As discussed, the data obtained by Vaga et.al. shows that many previously undiscovered regulation patterns of phospho-sites are existent in a crosstalk-like manner between the HOG- and the pheromone-pathway. Further experimental studies are required to either show the significance of the individual regulations or whether certain sites are only byproducts of the crucial signaling. Neverthe-less the data depicts a profound basis to assess further aspects of the complex network and its inter-dependencies.

Remark: The publication of (Vagaet al., 2014, Fig. 8) includes a parallel developed modeling approach employing the boolean ODE simulation frame-work “CellNOpt” published in Terfve et al.(2012).
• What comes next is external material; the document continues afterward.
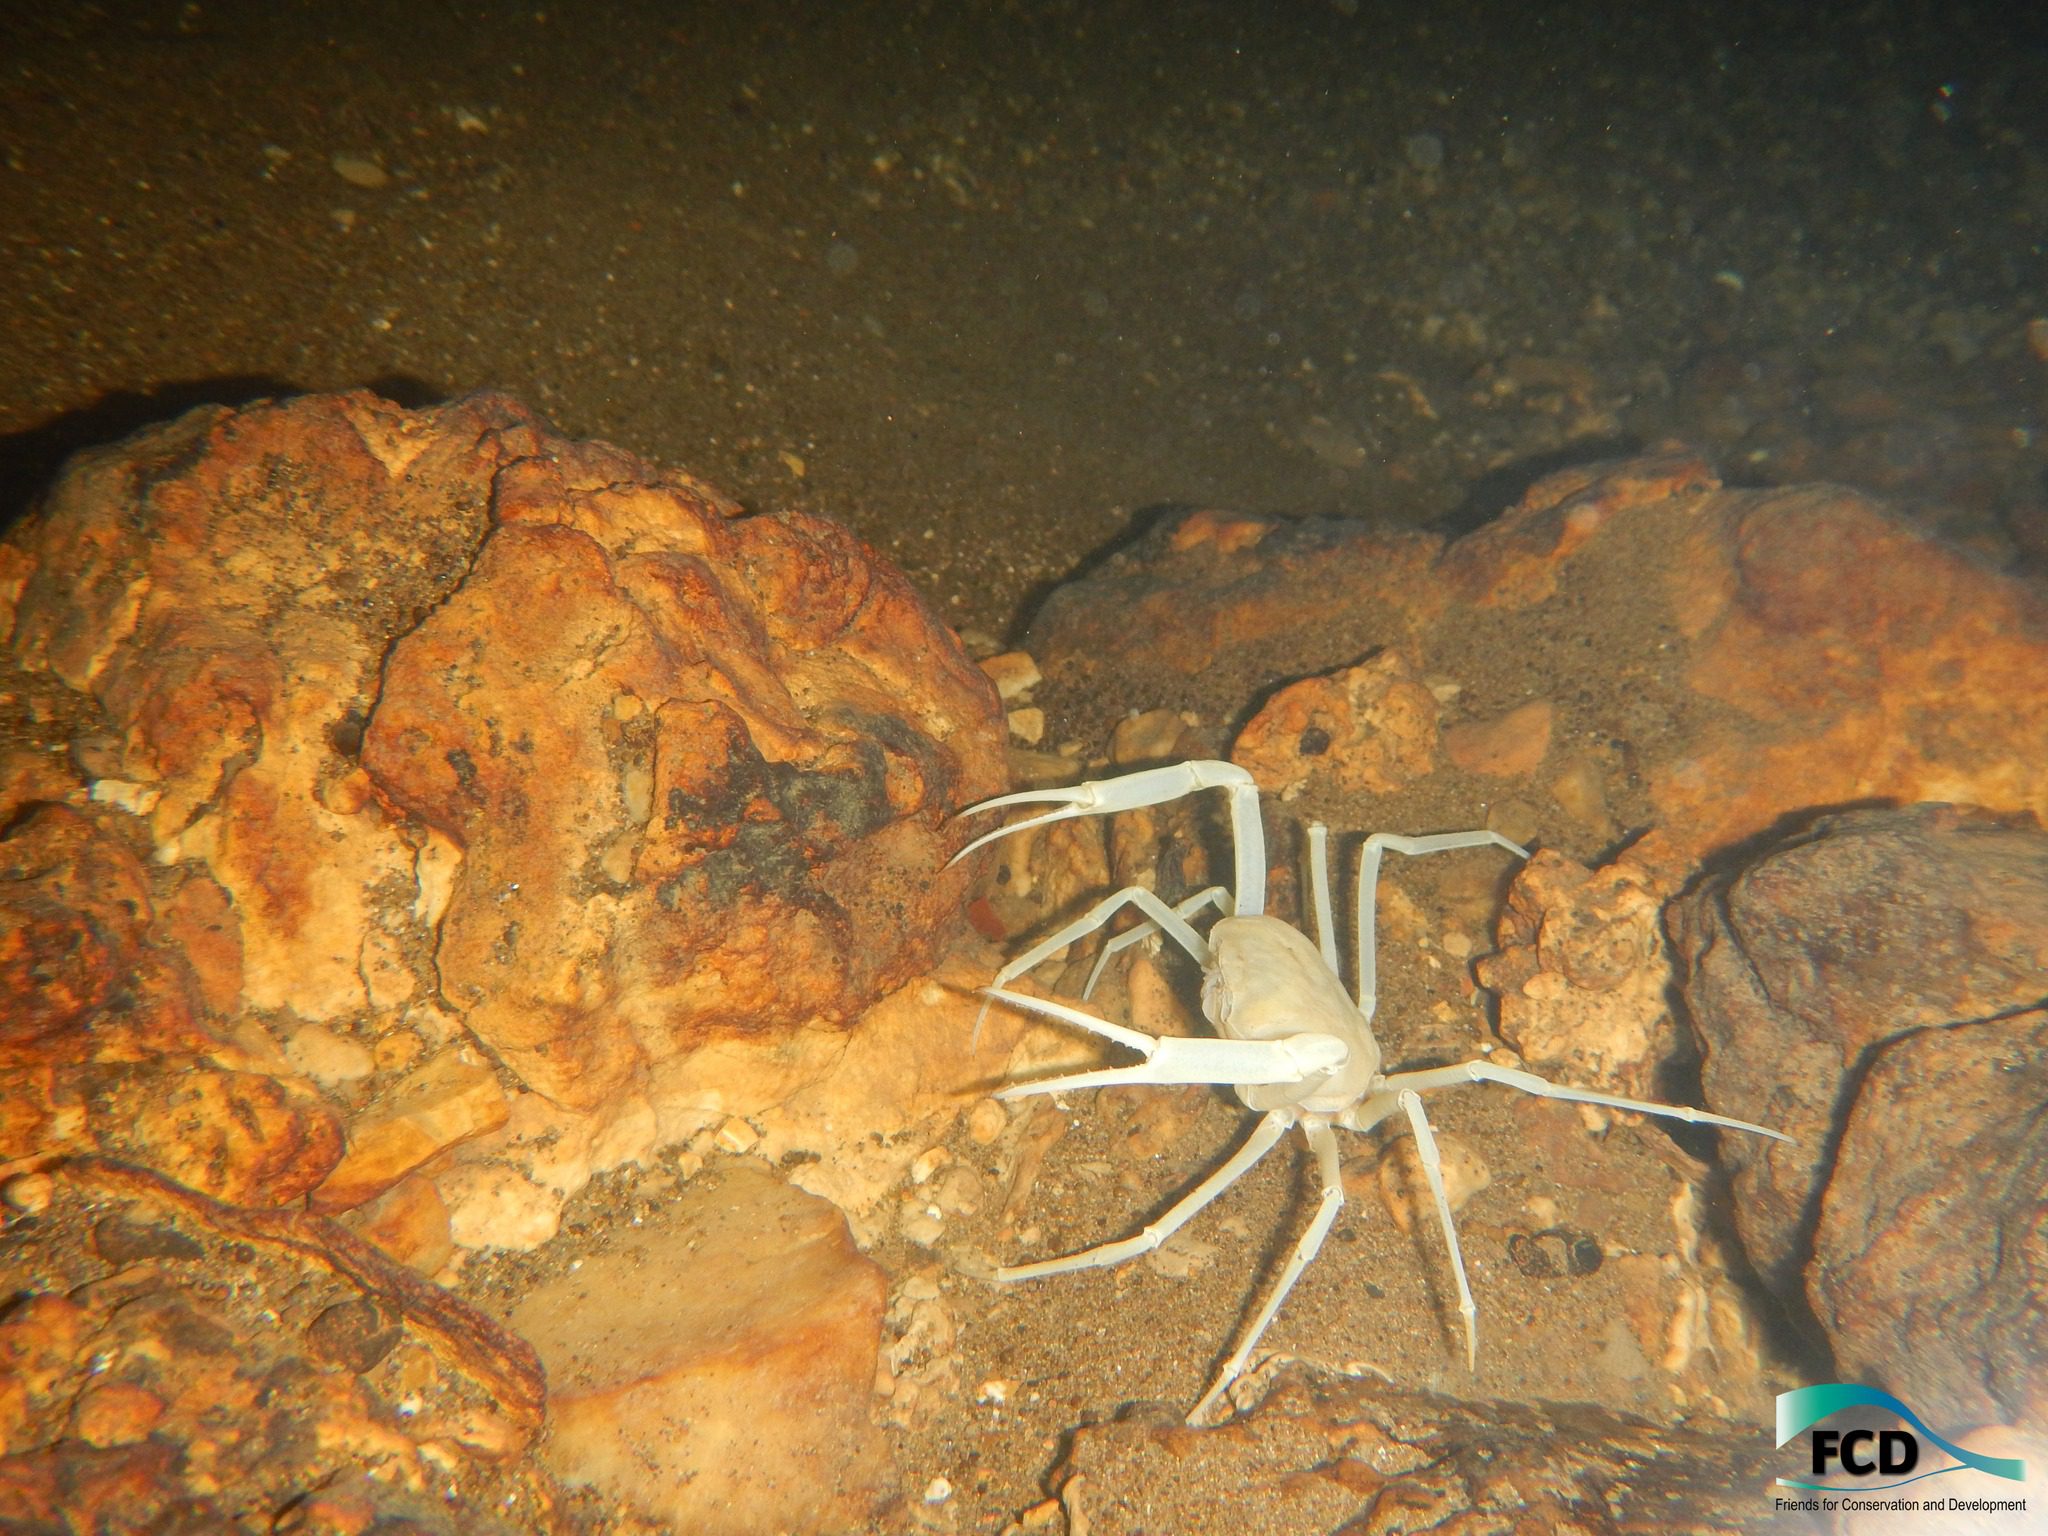 Did you know that the Chiquibul Cave System is home to the Blind Cave Crab (Typhlopseudothelphusa acanthochela)?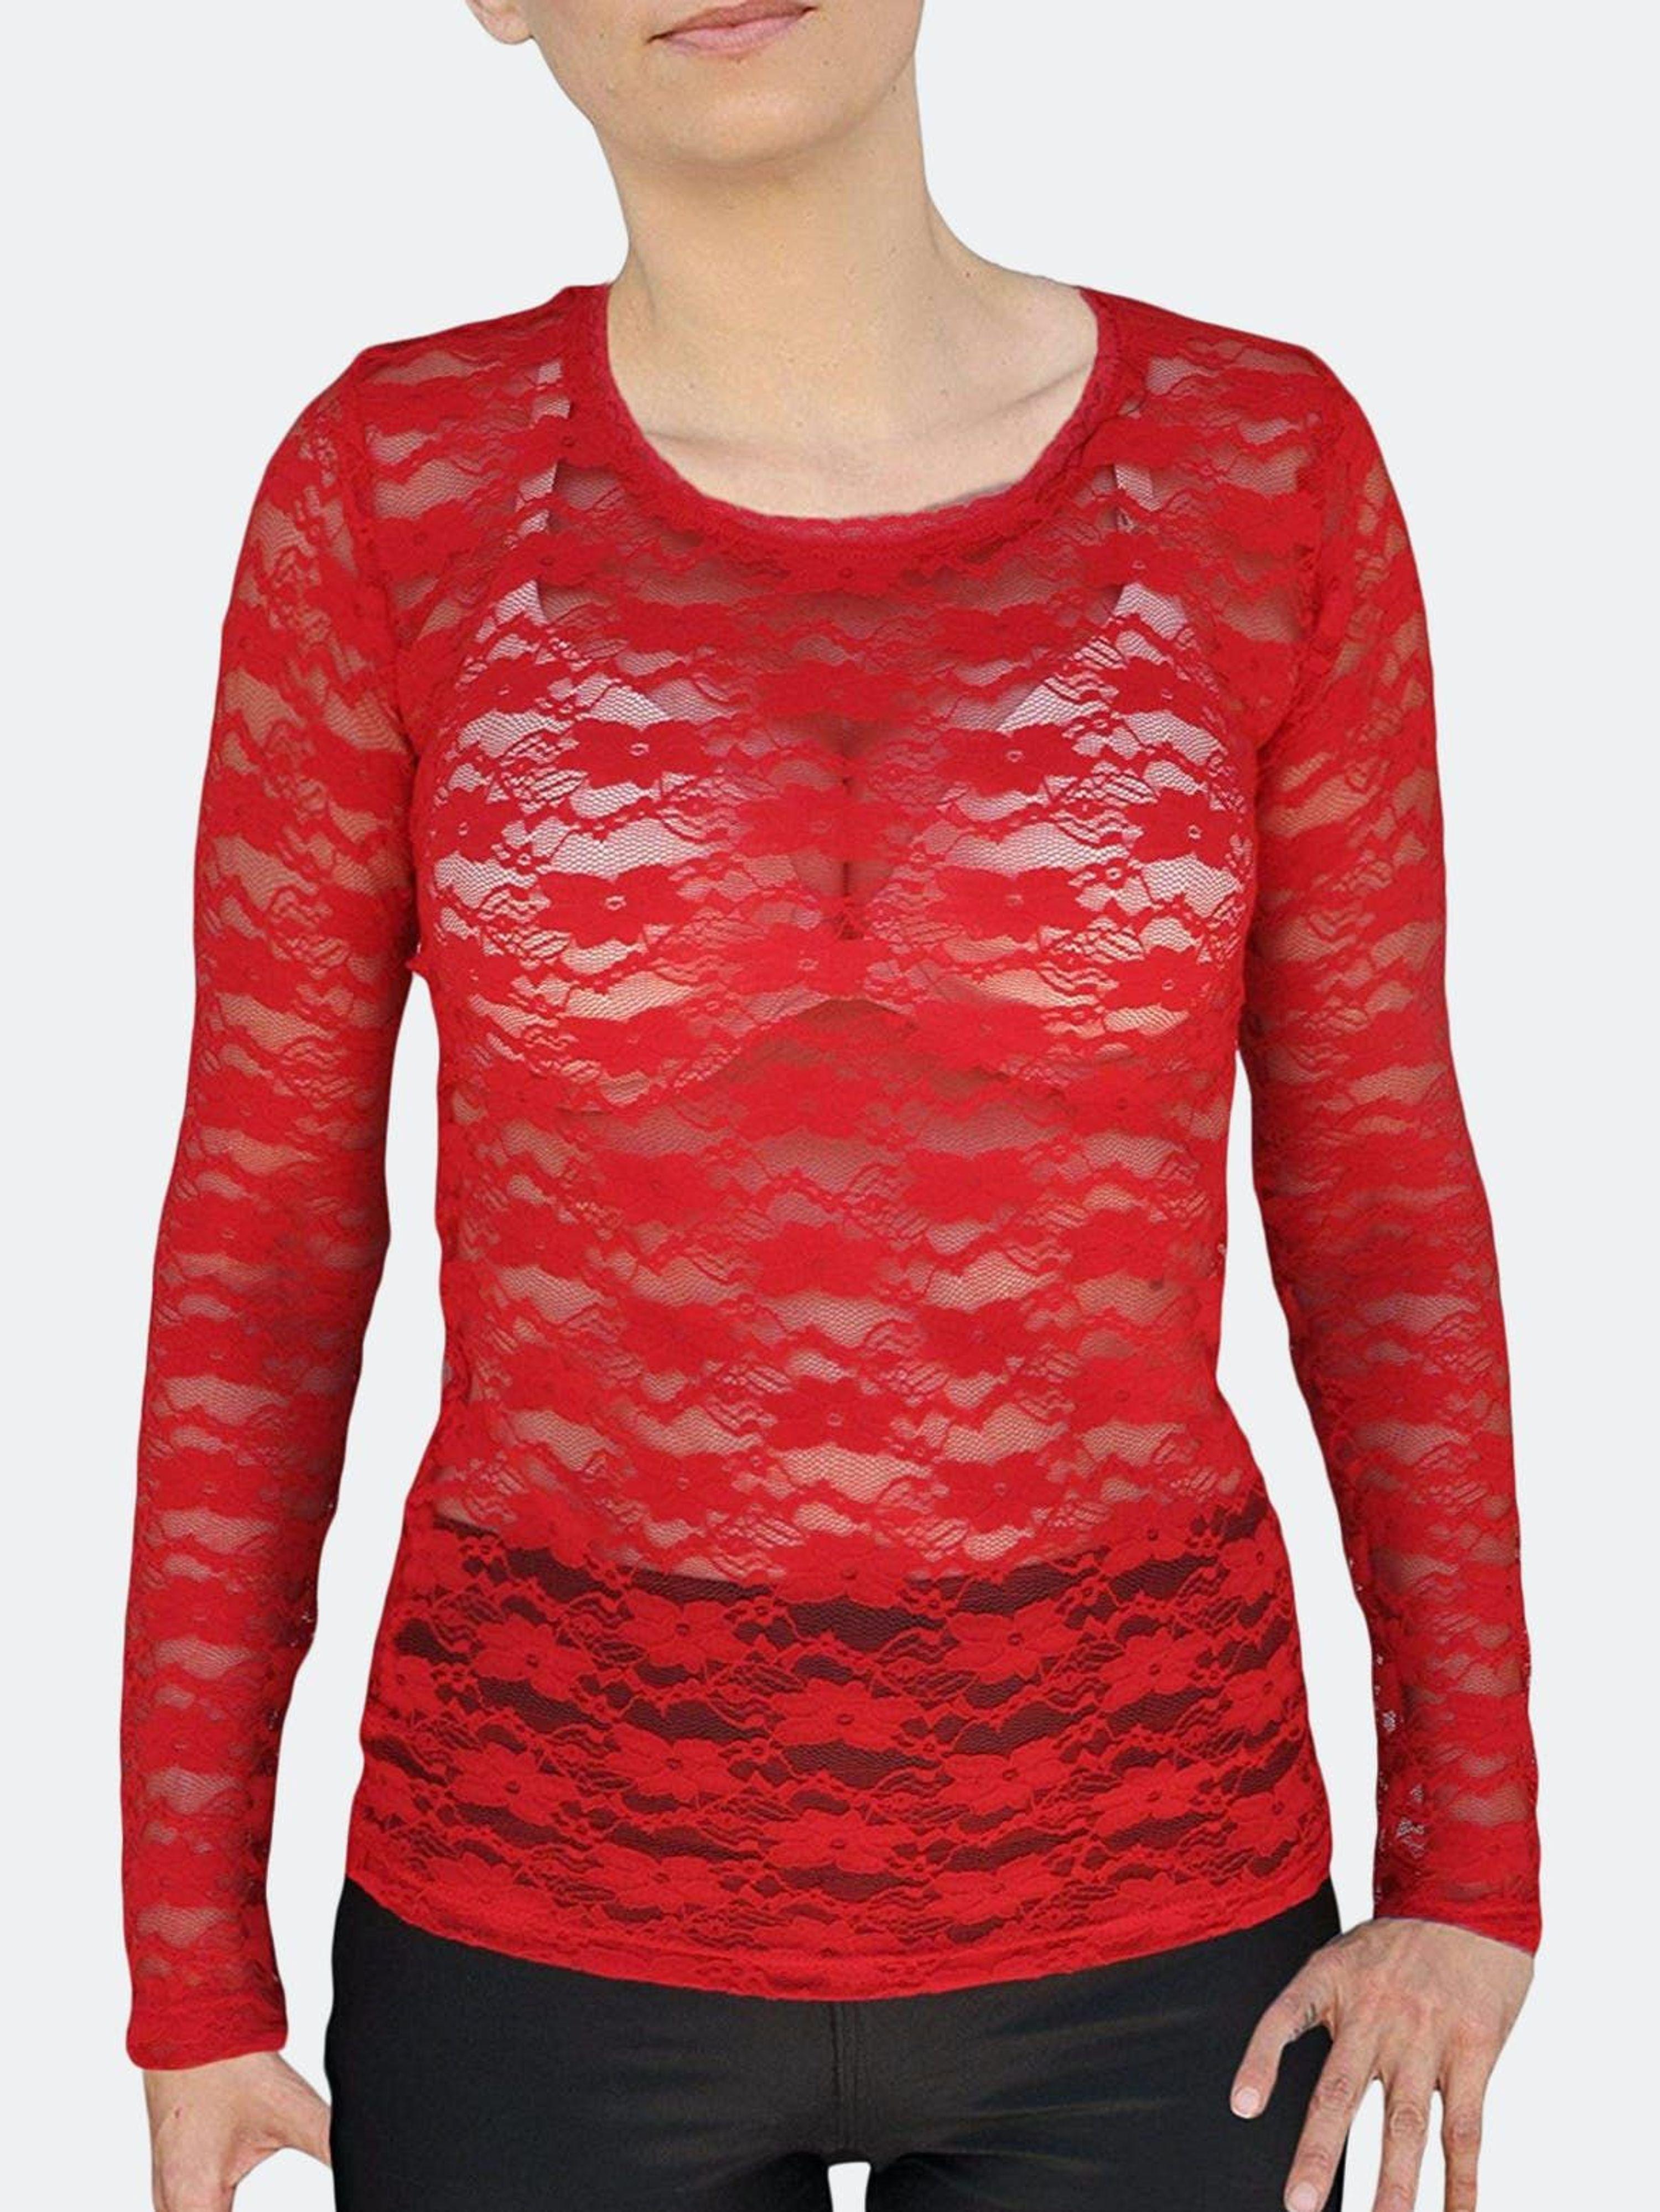 Ooh la la Usa Made Plus Size Long Sleeve Stretch Lace T Shirt Blouse Top in  Red | Lyst

This modeling approach is based on a similar consensus network of the pathways (yet models the separate phosphosites that were detected) and allows for model variant construction by adding or subtracting interactions in the network. This model was used to validate certain proposed mechanisms in the paper by introducing edges in the model graph between different phosphosites. This approach shows that the model then gains a better quality of fit, yet the extend of this is unclear.

Objectively seen, the qualitative behavior of most of the peptides was also imperfect.

Fig. 18: Simulated time courses for an important subset of the species in the model. The expected activation patters can be shown with the model.

Especially appealing is the influence of scaffolding by Ste5 as well as the assembly of Ste20, Ste50, Ste11 and Pbs2 via the activation of Sho1. Both mechanisms insulate efficiently as was observed in previous research. For parametrization, see Appendix A, Tab. 4 and 5.

Consecutive activation patterns The mechanisms that have been identified so far for the functionality of both pheromone and HOG signaling are to a large extend consecutive activations in chains of signaling. There exists an interesting overlap between species and transient as well as longterm feedbacks factor into the system as well. Despite those non-linearities, the chain of activation will (until a certain point) follow an order of activation. In the face of the phospho-proteomic data, a reexamination of this has been suggested. Our modeling approach has shown as well that the behavior of most of the detected phosphosites does not follow the picture painted by scientific studies until now.

And while the data exhibits unfortunate gaps, that would (if filled) presumably show exactly the anticipated consecutive activation pattern, it also suggests that possibly more mechanisms facilitate such a chain. This could be phospho-rylations (or the missing thereof) that unlock certain conformation changes and subsequently allow further activations in the cascade. Yet as to what these mechanisms are, it will be inevitable to go into molecular details that are not in the scope of a modeling approach. Since the significance of the detected phosphosites has not been shown and the observed patterns could merely be by-standing phosphorylations that occur more or less without any consequences, it is vital to follow up this research in order to understand the nature of these patterns. The data provides a critical starting point for that, yet so far is limited in unveiling mechanistic regulations by itself. The model contained in the publication (Vagaet al., 2014, Fig.8) validates proposed mechanisms to a certain degree, yet we believe that more detailed experimental research on single phosphopeptides is necessary to substantiate proofs for their significance and functional mechanisms. The data by Vaga et.al. can thus be primarily viewed as a comprehensive, although non-specific basis for further investigations.